0:50:18.0 JB: Alright, Yasmina, stay with us. We have another question for you. One of our audience members would like to know, how is the level of immobilizations on individuals spots controlled in the 96-channel mode?

 

0:50:32.7 YA: That's a great question. So the 96 channels are in parallel, and so they are all the same in terms of the method used. So ways in which we would control the mobilization is to vary the concentration of the ligands, kind of titrate that, or we would titrate an activation level. So in the example where you have coupled ligands, you could lon one activation condition across the whole chip, or in individual channels, you could activate them with a dilution series and then present the ligands at the same concentration. So really concentration or potency of activation are two ways in which you can vary ligand density when you're looking at 96 in parallel experiment.

 

Question

0:51:37.0 JB: And we have another question for you as well, have you done experiment with 384 phage that display different FAB proteins and test analyte binding?

 

0:51:52.3 YA: So we do have examples of experiments that we've run from, say, periplasmic extracts. We wouldn't run the phage itself 'cause it wouldn't really be amenable to the SPR phenomenon, it would kinda just be too large.
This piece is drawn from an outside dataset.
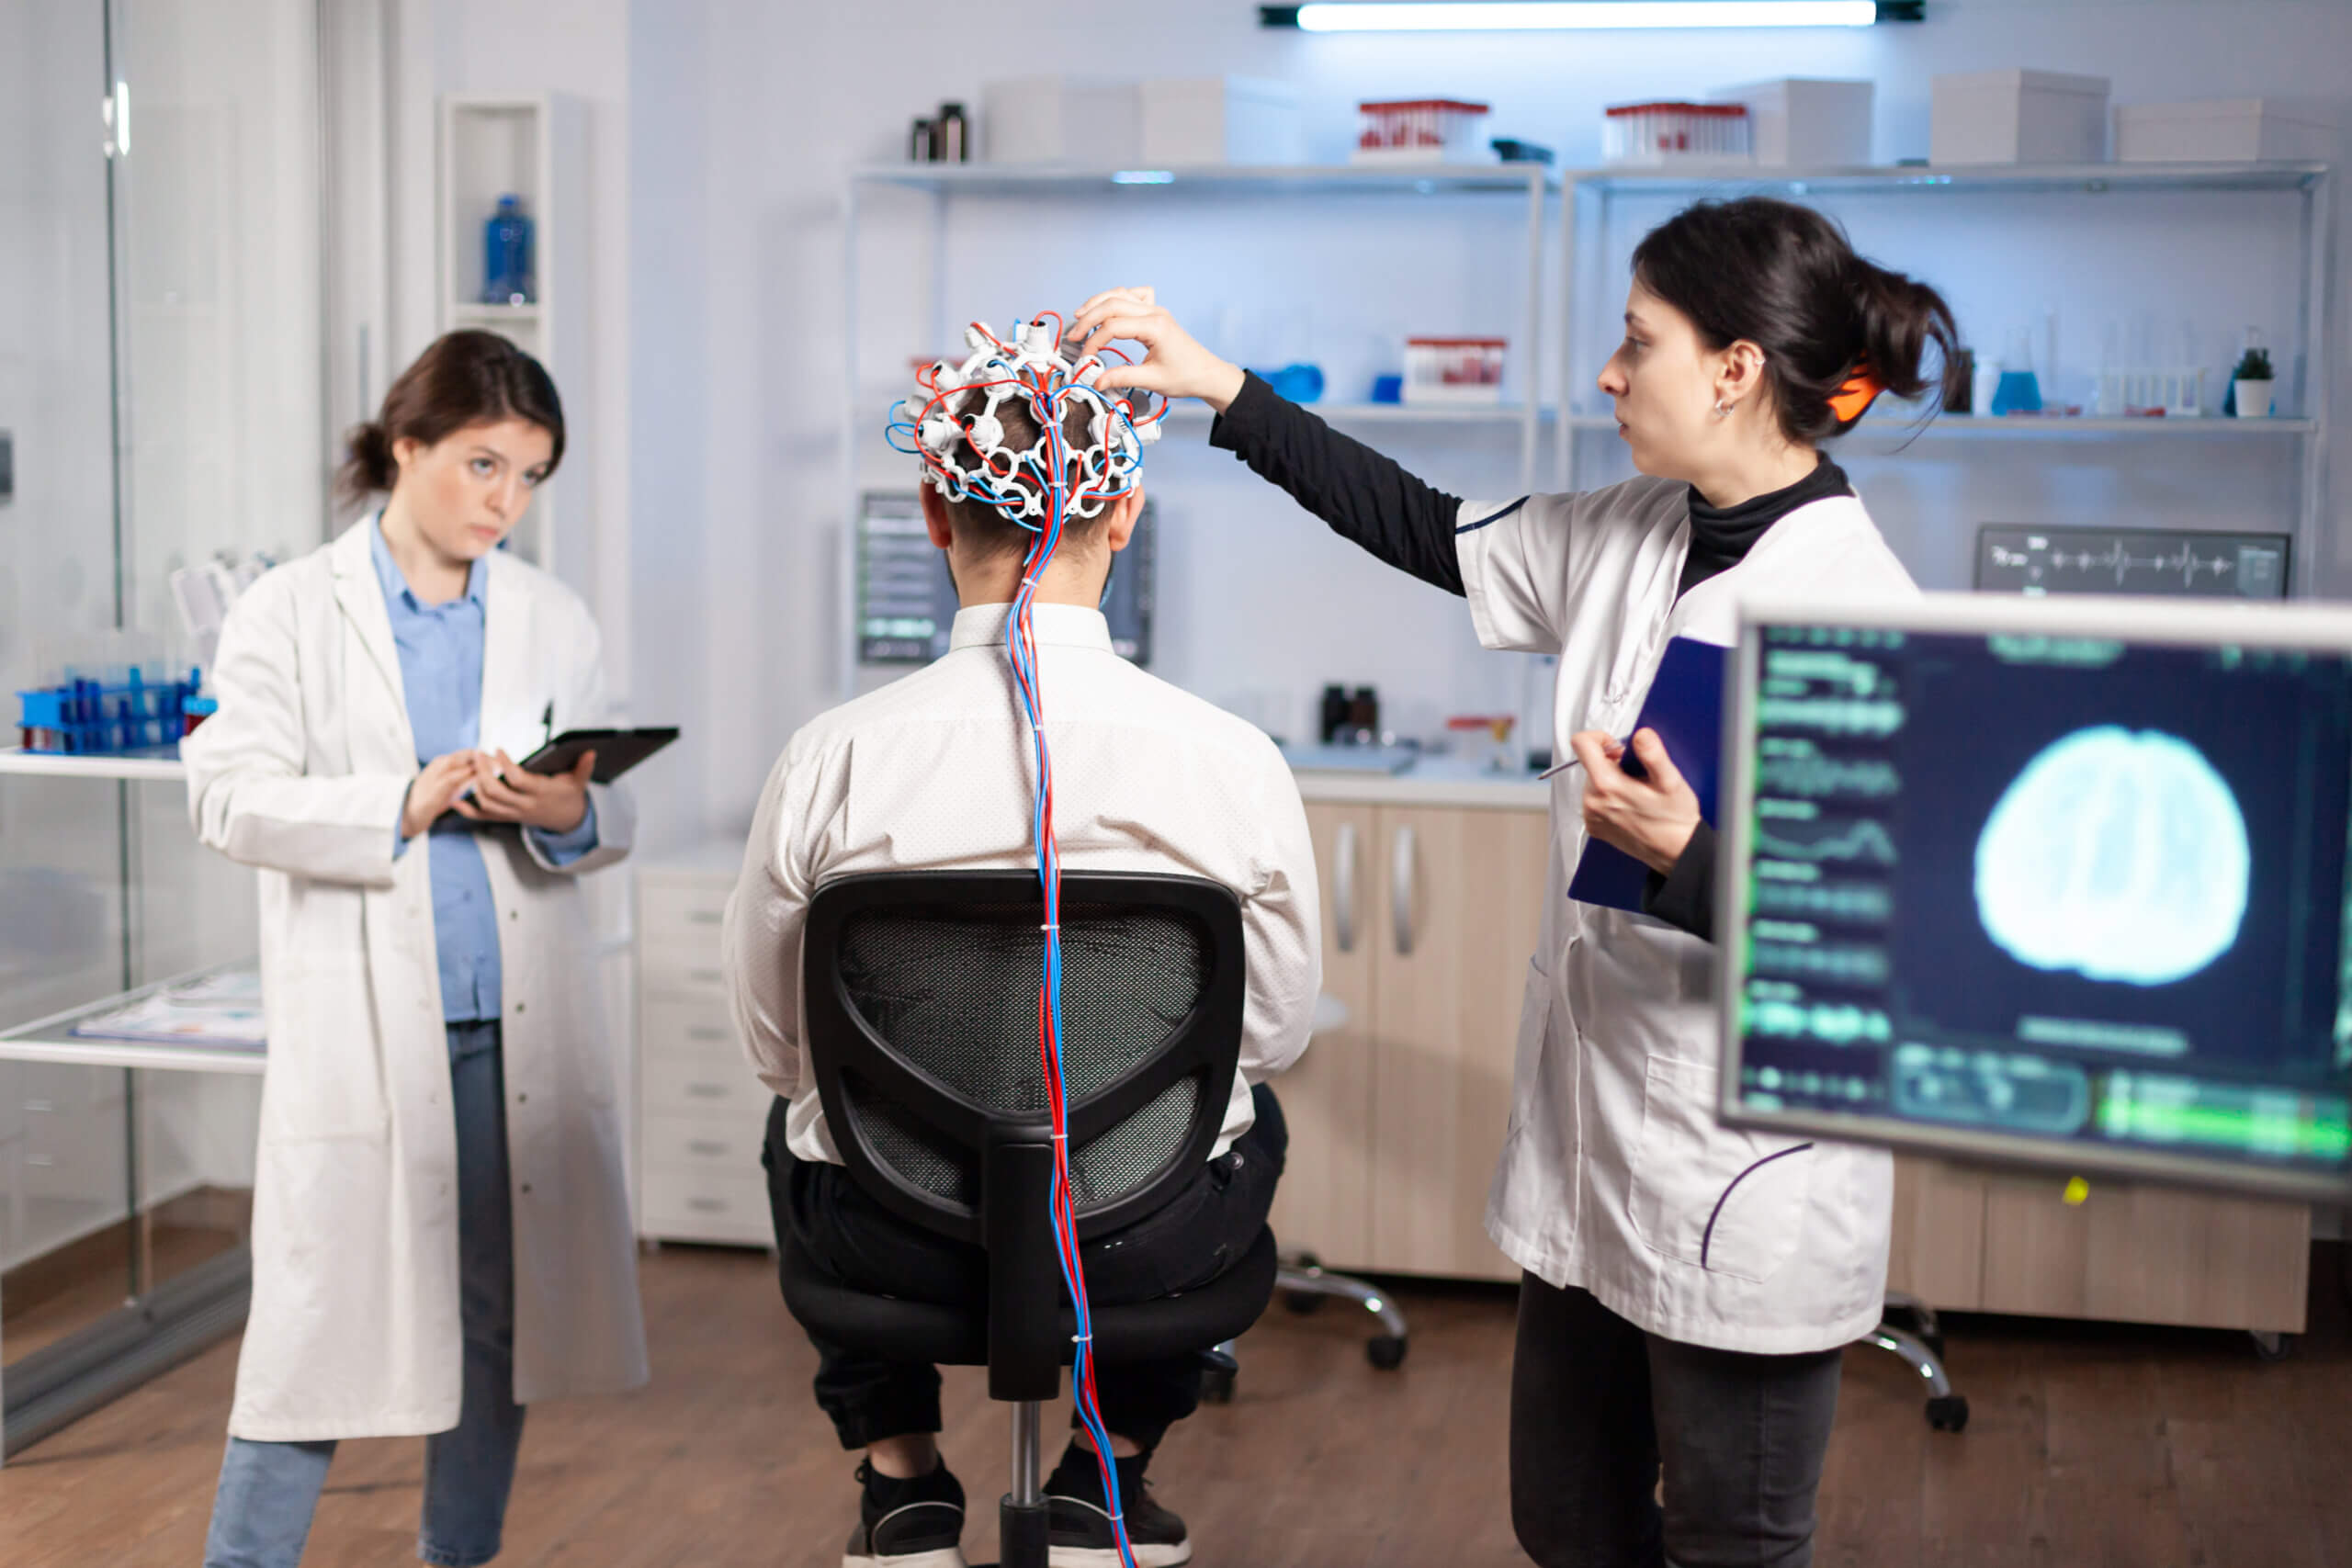 Pacijent na skeniranju moždanih valova koji sjedi u laboratoriju za neurološka istraživanja dok ga liječnice nadziru.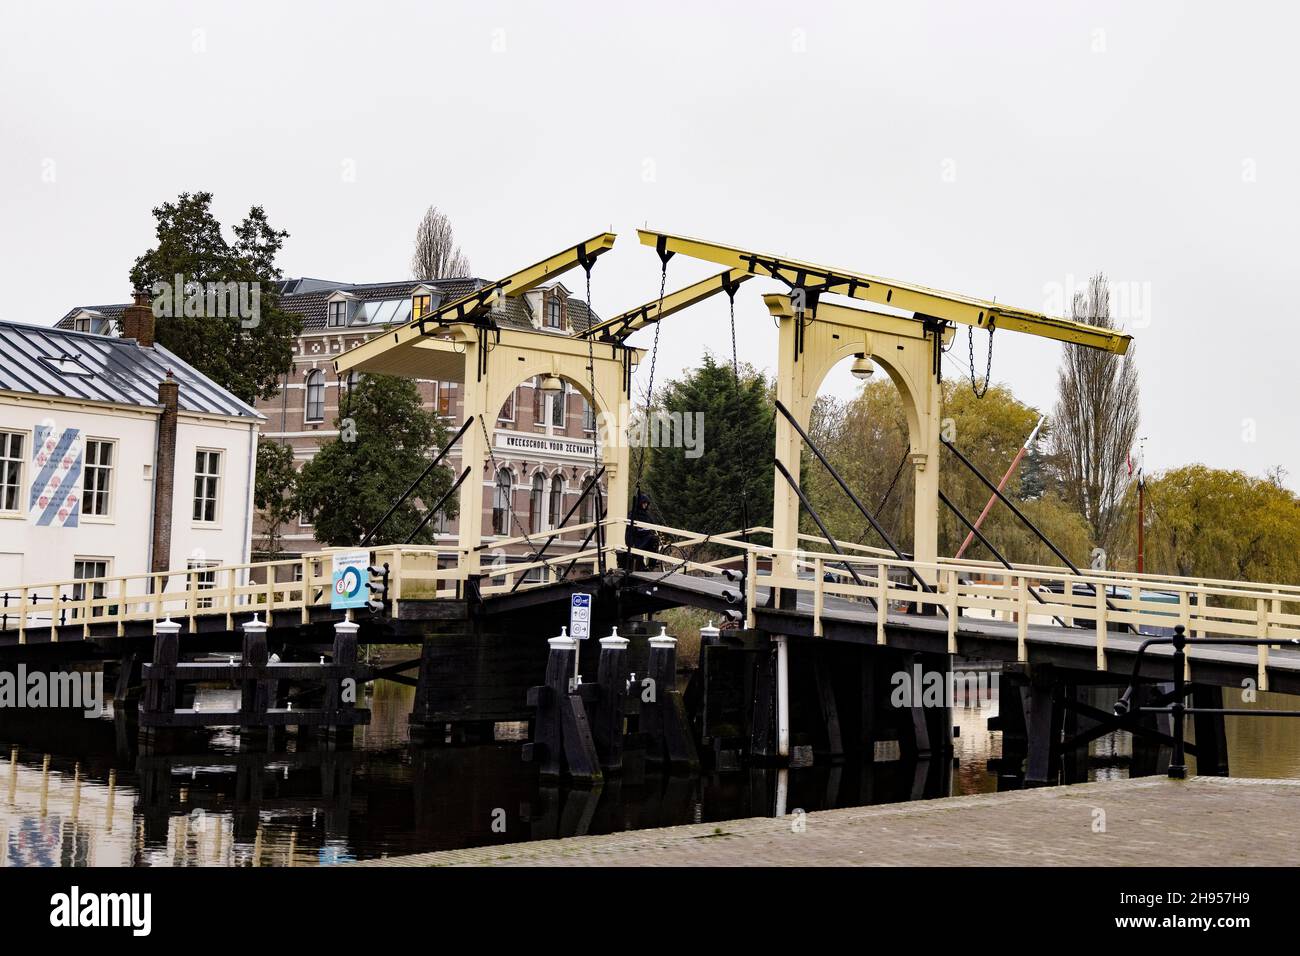 Il ponte Rembrandtbrug (ponte Rembrandt) è un ponte levatoio situato sulle acque del fiume Reno a Leiden, nei Paesi Bassi. Foto Stock

But we definitely run crude samples, again, the way in which we would do the array is capture out the crude sample via a tag, like Anti-V5 or a His-tag or FLAG-tag, some tag that is on the molecule. And as long as the analyte that is being bound is monovalent, then that would be a really nice assay.

Question

0:52:37.4 JB: And one last question for you, Yasmina, as well, how much of antibody 1 and antibody 2 sample volume would you need for a 96 by 96 epitope binning?

 

0:52:50.3 YA: Well, the brilliant thing about the array is that there is no scaling in the volume, so you would use the same amount of material to do a one-on-one as you would do a 384 on a 384, or a 96 on a 96. To create the spot itself, the ligand, we would use about 15 micro liters of antibody and we would couple usually at about two micrograms per mil, something like that. And then as an analyte, we would present again, 150 micro liters or so and usually we'd use about 5-10 micrograms per mil. So in total, I would say regardless of the size of the experiment, you could only use about two to five micrograms of your antibody in the role of both ligand and analyte. So it is really efficient on your antibody use.

 

0:53:47.3 JB: Alright, thank you Yasmina. And with that, we've come to the end of our webinar. So I'd like to remind everyone that the webinar will be archived on our site at www.genengnews.com for up to six months. So if you missed any part it, you can watch it again, or feel free to forward them your friends and colleagues, which we always recommend. I'd like to think Kathryn and Yasmina again, for their informative presentations, and I'd like to thank the audience for their attention and very thoughtful questions. And a very special thanks to Carterra responding this webinar. So hopefully, we'll see you again at another GEN webinar in the near future. Goodbye for now.